• The problem: Output the complete listing exactly, please, and keep the pictures out of it.

• Input data:
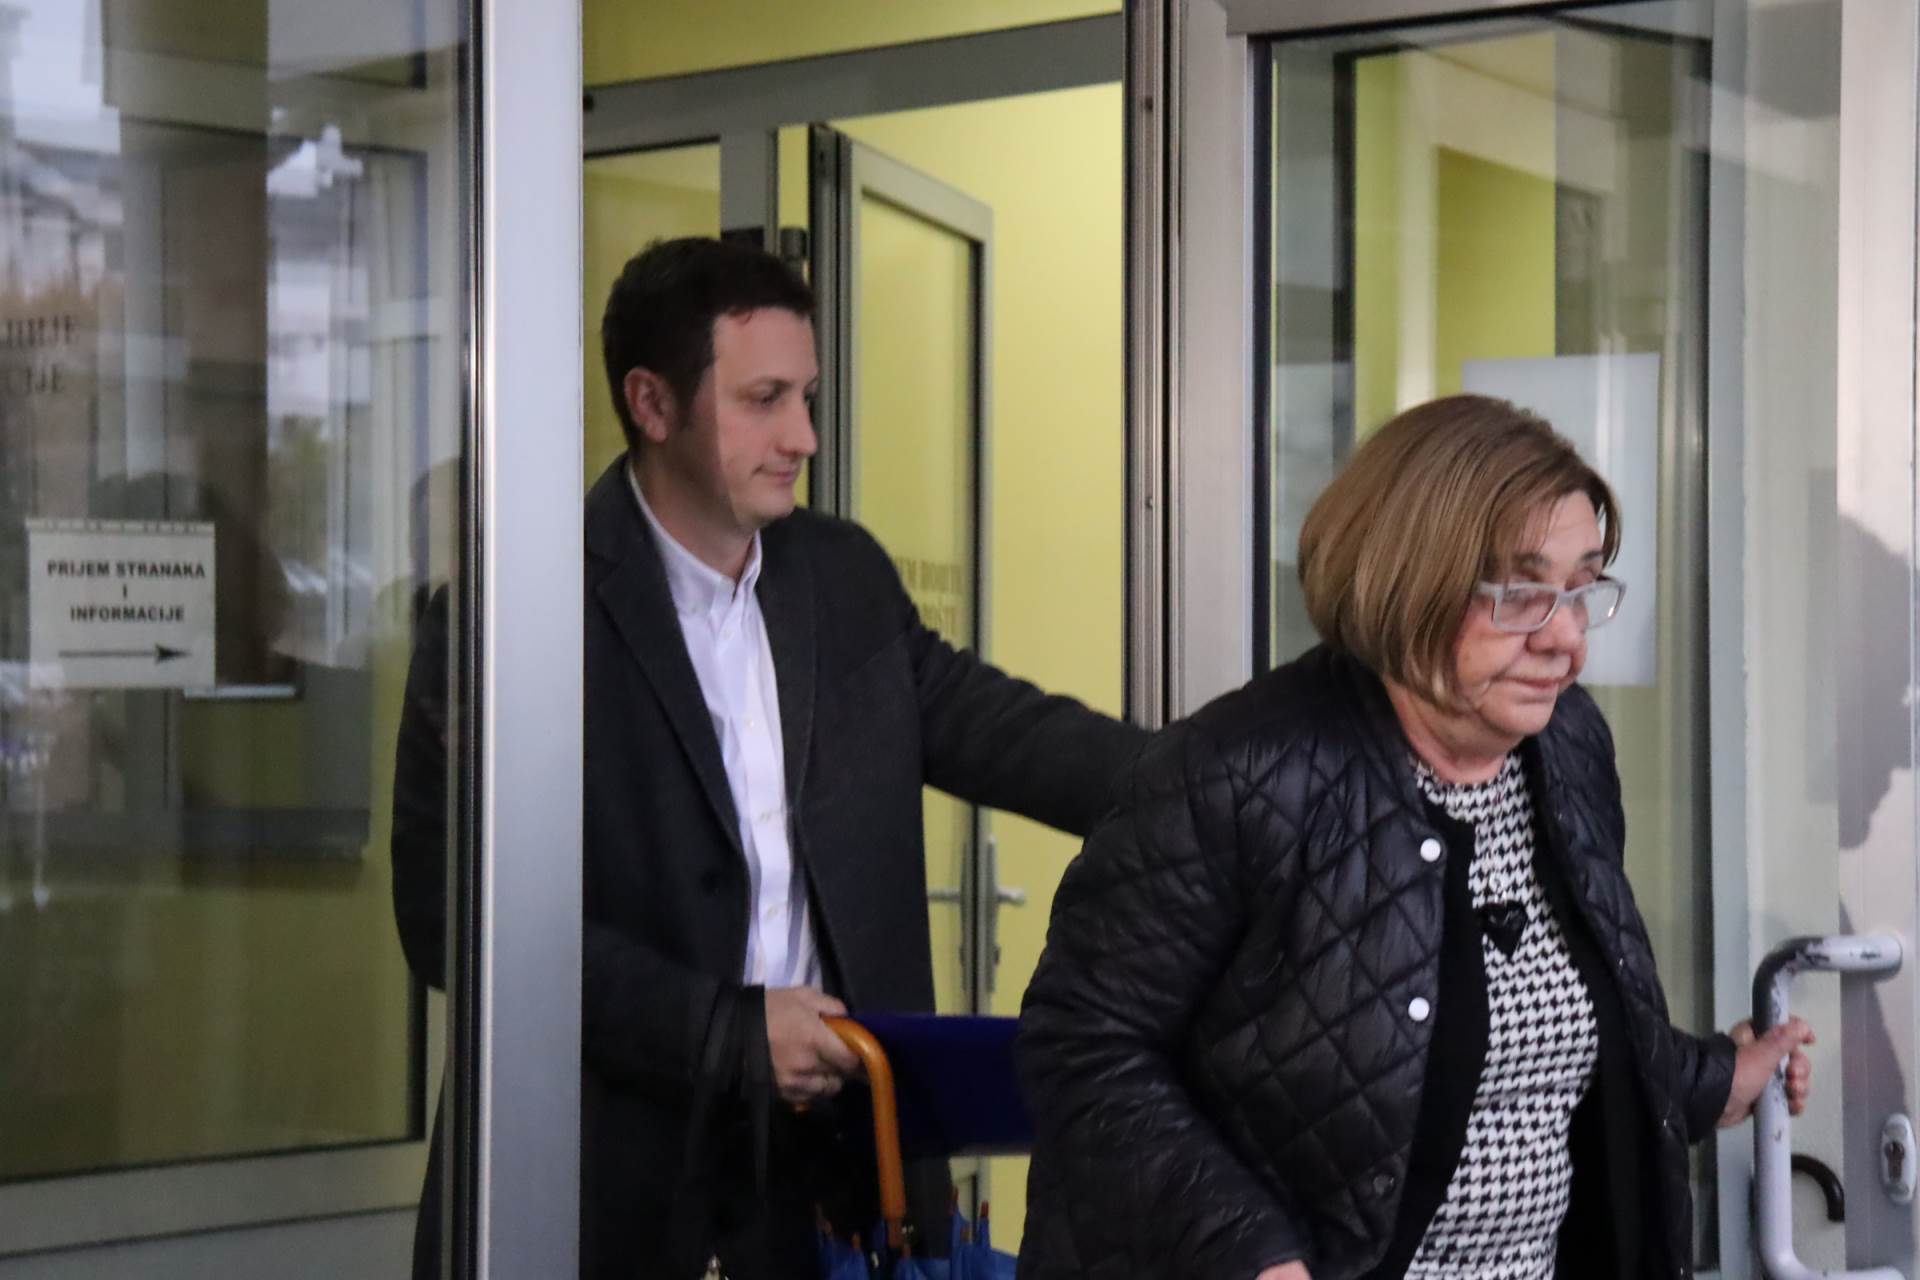  Suđenje Zeljkoviću počinje 6. februara 
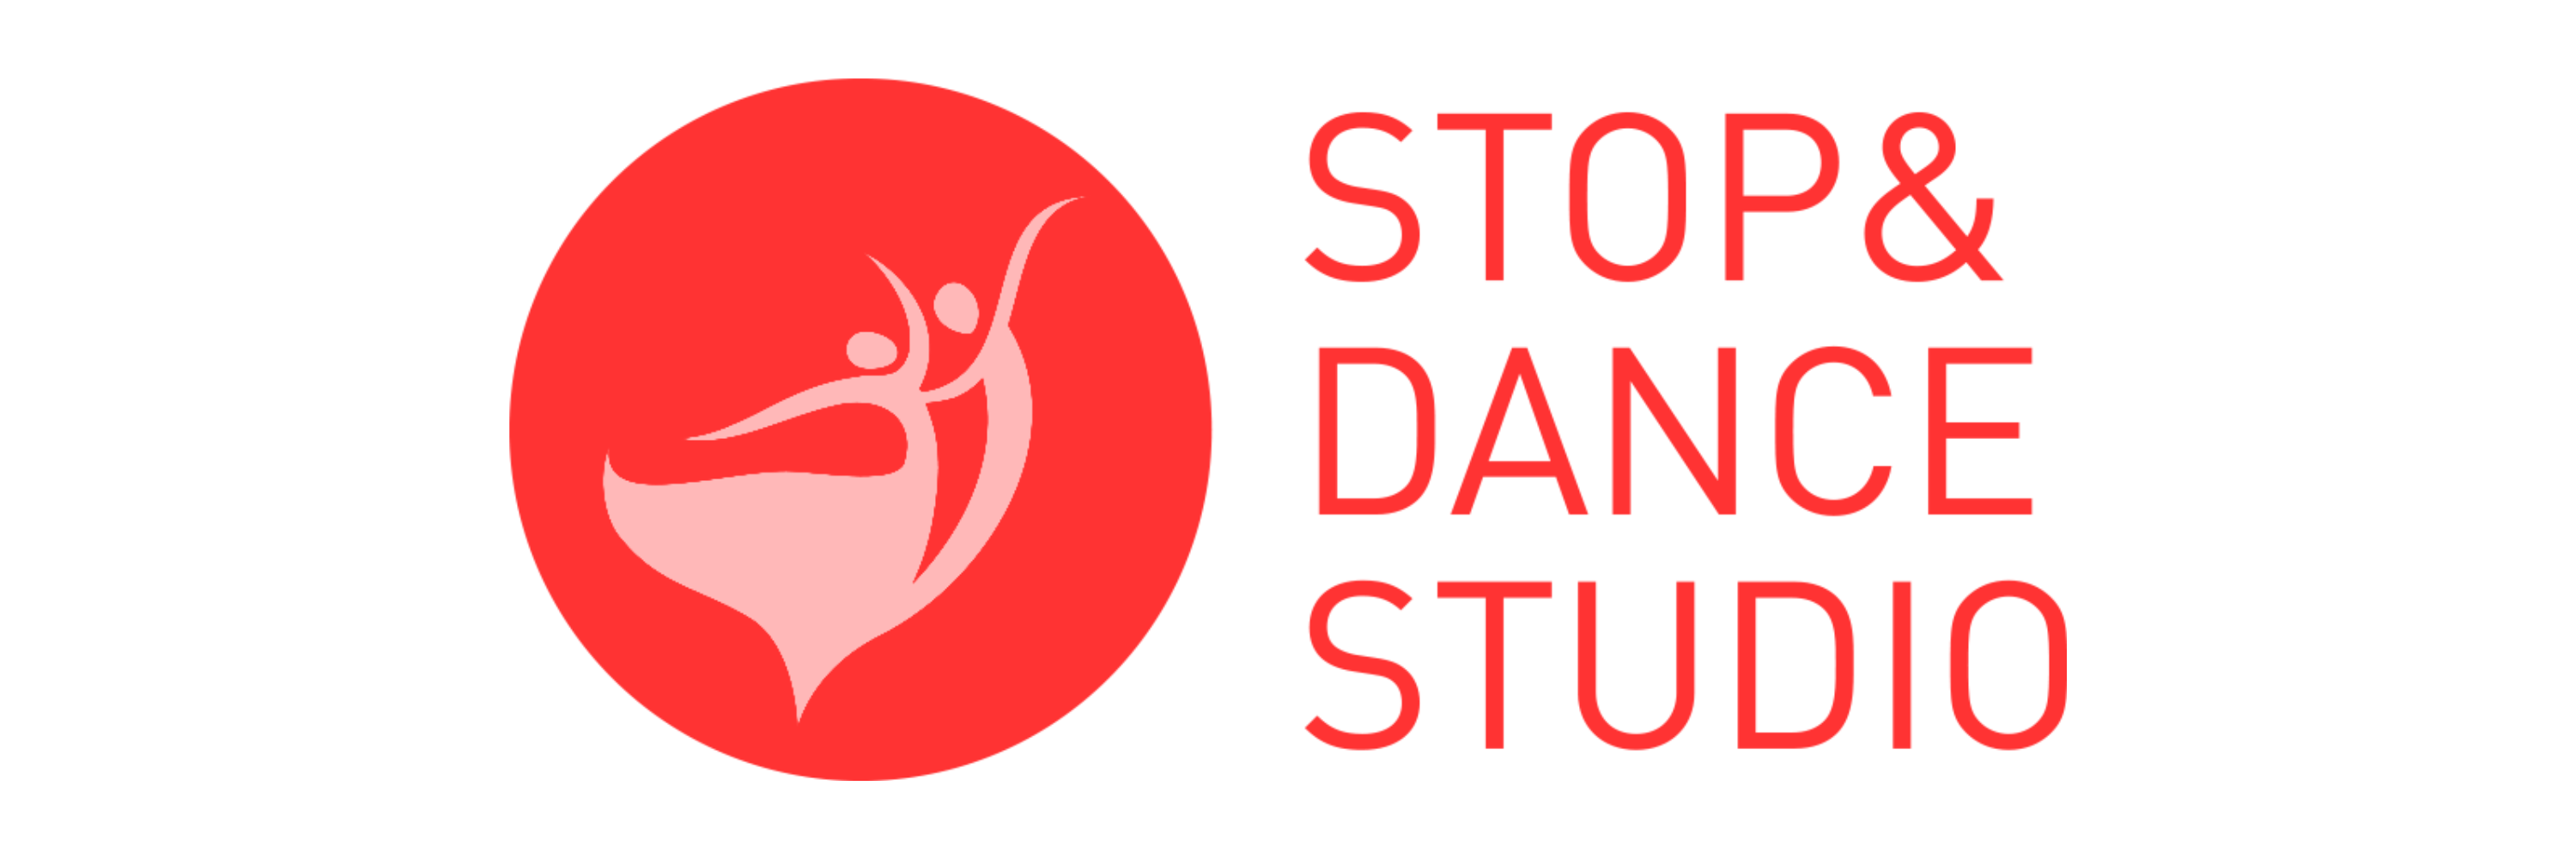 Stop & Dance
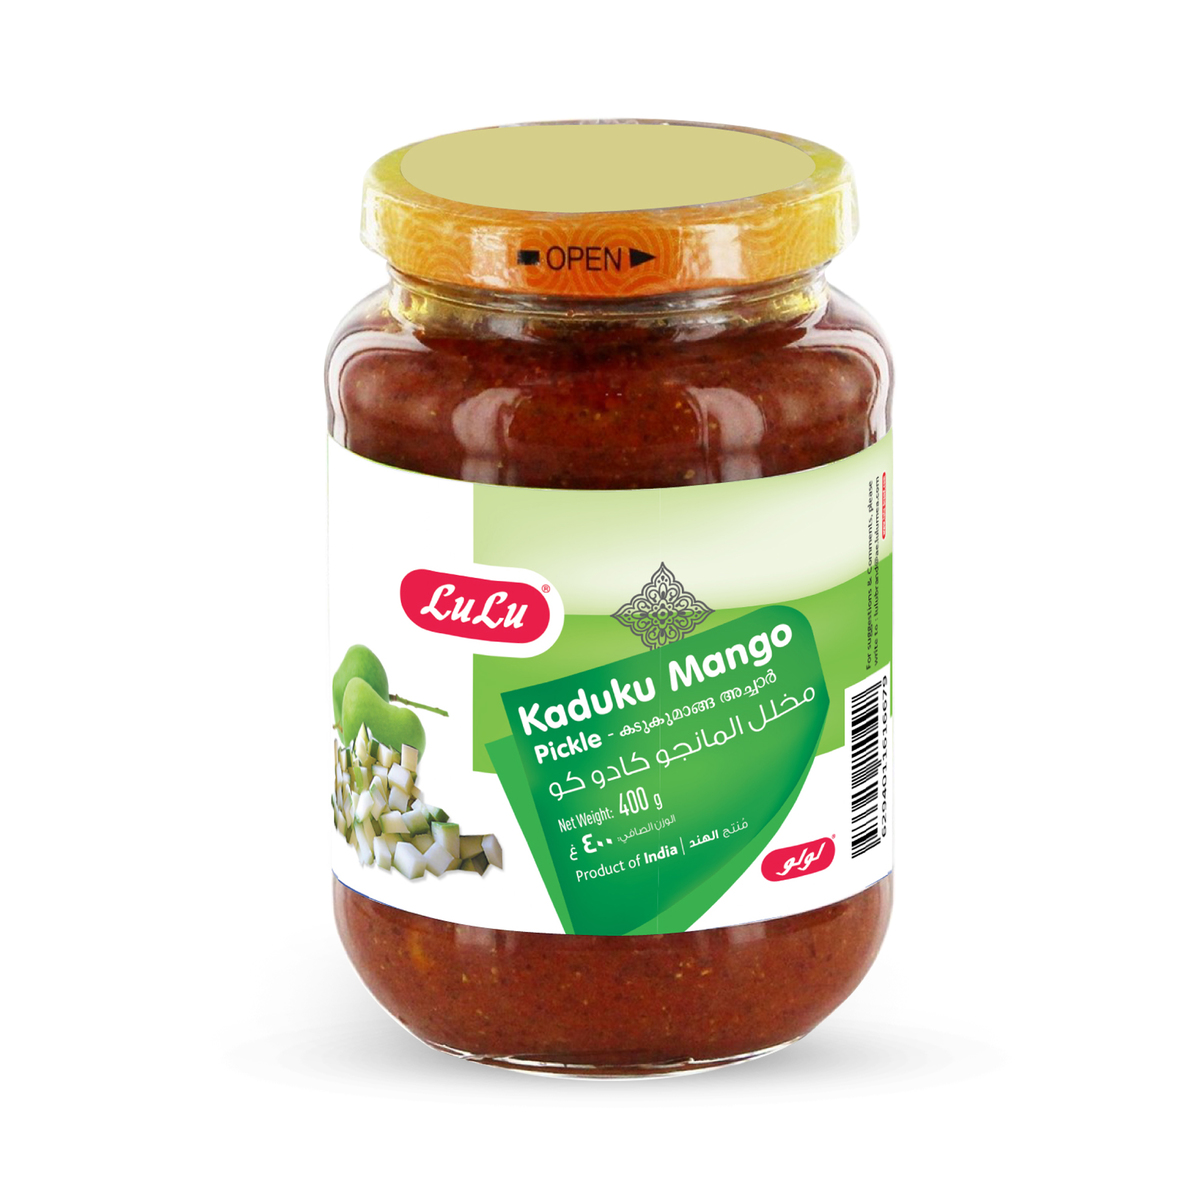 Lulu Kaduku Mango Pickle 400g

• Task output:
  Suđenje Zeljkoviću počinje 6. februara 
 Stop & Dance
 Lulu Kaduku Mango Pickle 400g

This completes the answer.